Depending on the use case, you may use something like

julia> A = OffsetArray(rand(2,2), 1,1)
2×2 OffsetArray(::Matrix{Float64}, 2:3, 2:3) with eltype Float64 with indices 2:3×2:3:
 0.0829426  0.531739
 0.110745   0.966358

julia> function offset_view(A, inds...)
               view(A, map(to_offset_range, to_indices(A, inds))...)
       end
offset_view (generic function with 1 method)

julia> to_offset_range(r::AbstractUnitRange) = Base.IdentityUnitRange(r)
to_offset_range (generic function with 1 method)

julia> to_offset_range(x) = x
to_offset_range (generic function with 2 methods)

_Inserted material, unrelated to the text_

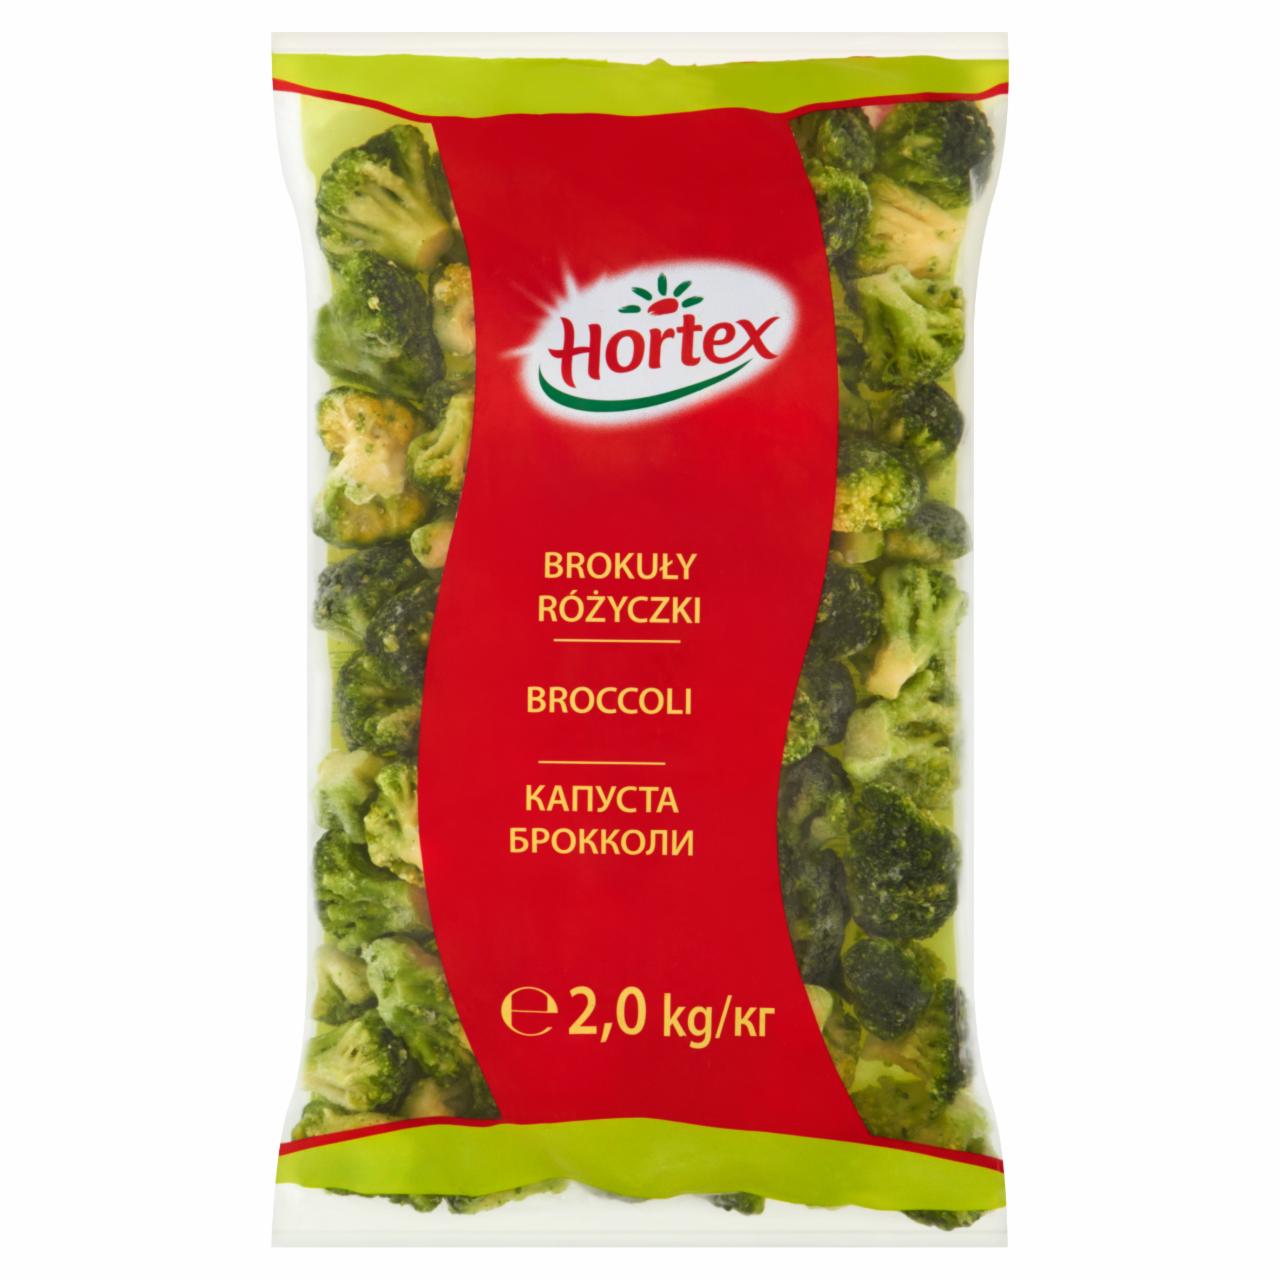 Zdjęcia - Hortex Brokuły różyczki 2,0 kg

julia> offset_view(A, 2:3, 2:3)
2×2 view(OffsetArray(::Matrix{Float64}, 2:3, 2:3), Base.IdentityUnitRange(2:3), Base.IdentityUnitRange(2:3)) with eltype Float64 with indices 2:3×2:3:
 0.0829426  0.531739
 0.110745   0.966358

julia> offset_view(A, 2:3, 3)
2-element view(OffsetArray(::Matrix{Float64}, 2:3, 2:3), Base.IdentityUnitRange(2:3), 3) with eltype Float64 with indices 2:3:
 0.5317390043544079
 0.9663578290747614

julia> offset_view(A, 2:3, :)
2×2 view(OffsetArray(::Matrix{Float64}, 2:3, 2:3), Base.IdentityUnitRange(2:3), Base.IdentityUnitRange(Base.Slice(OffsetArrays.IdOffsetRange(values=2:3, indices=2:3)))) with eltype Float64 with indices 2:3×Base.Slice(OffsetArrays.IdOffsetRange(values=2:3, indices=2:3)):
 0.0829426  0.531739
 0.110745   0.966358

I don’t think OffsetArrays supports view directly, but you could just wrap them, as in

using OffsetArrays

_drop(::Integer, ι...) = (_drop(ι...)...,)
_drop(i1, ι...) = (i1, _drop(ι...)...,)

function offset_view(a::AbstractArray, indices...)
    OffsetArray(view(a, indices...), _drop(indices...)...)
end

The _drop is required to make sure integer indices are dropped. I did not test this extensively, so there may be horrible corner cases.

Thanks! But your code indicates that such a function should be provided by the OffestArrays package because your code is too esoteric for an ordinary user to come up with.

So, I disagree with your reasoning that such a function isn’t a useful part of the package because the user can easily write it.

I’m sure that I will not be able to write such a function “Depending on [my] use case”.

I mean, it’s just a very different meaning of a view (and indexing in general).

The “consistent” behavior would mean that A[2:3] should return an offset array with indices 2:3, regardless of the type or indices of A. That’s just a different sort of indexing behavior than what Julia has standardized on.